Multiplication by a matrix in GL rotates a plane's basis?

[joej24]

Let A = (a_{ij}) be a k\times n matrix of rank k.
The k row vectors, a_i are linearly independent and span a k-dimensional plane in \mathbb{R}^n.

In "Geometry, Topology, and Physics" (Ex 5.5 about the Grassmann manifold), the author states that for a matrix g\in \textrm{GL}(k,\mathbb{R}),
\overline{A} = gA defines the same plane as A because g simply rotates the basis within the k-plane.

I'm having trouble seeing this.

 

[andrewkirk]

Let $r_j$ denote the $j$th row of $A$, and consider a vector $v$ that is normal to the $k$-dimensional plane.
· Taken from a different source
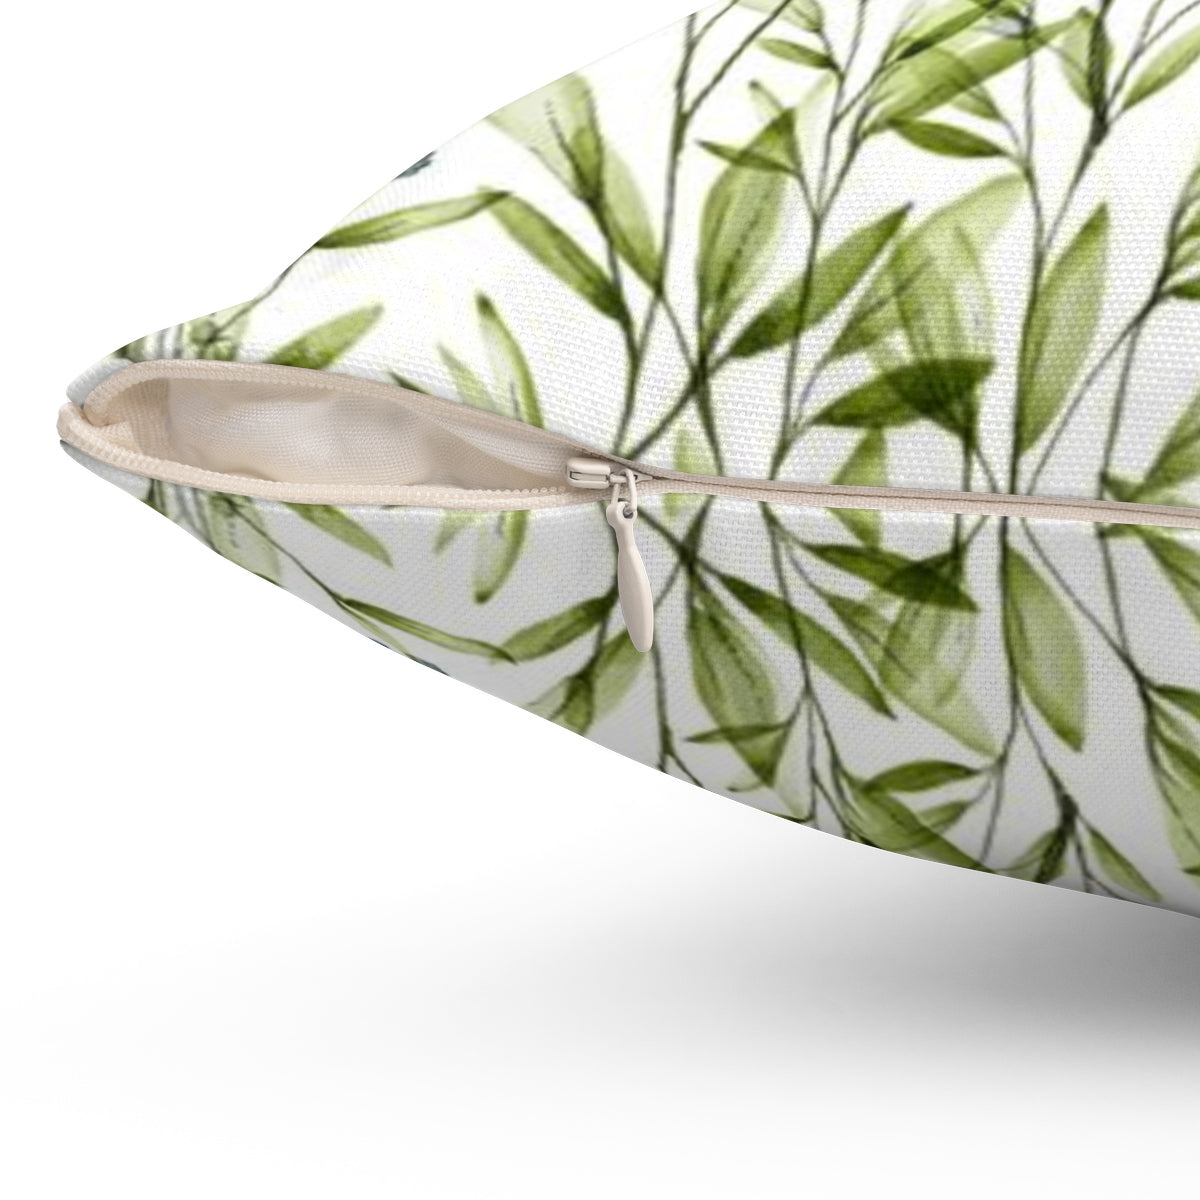 Side view of green decorative pillow - Liz Kapiloto Art & Design

Note that $v$ must be perpendicular to all $r_j$, so $r_j\cdot n=0$.

Then $Av=0$ since the $j$th component of $An$ is $r_j\cdot v$.

So $\bar Av=(gA)v=g(Av)=g\mathbf 0=\mathbf0$. So $v$ is also normal to the plane defined by $\bar A$. Since that holds for all $(n-k)$ basis vectors of the null space of $A$, and the rank of $\bar A$ is the same as that of $A$, the plane (its rowspace) must be the same.

 

[joej24]

Thank you, I understand now. When you say

Since that holds for all $(n-k)$ basis vectors of the null space of $A$

this means that all the $v$ perpendicular to the $k$-dimensional plane satisfy $\overline{A} v = 0$.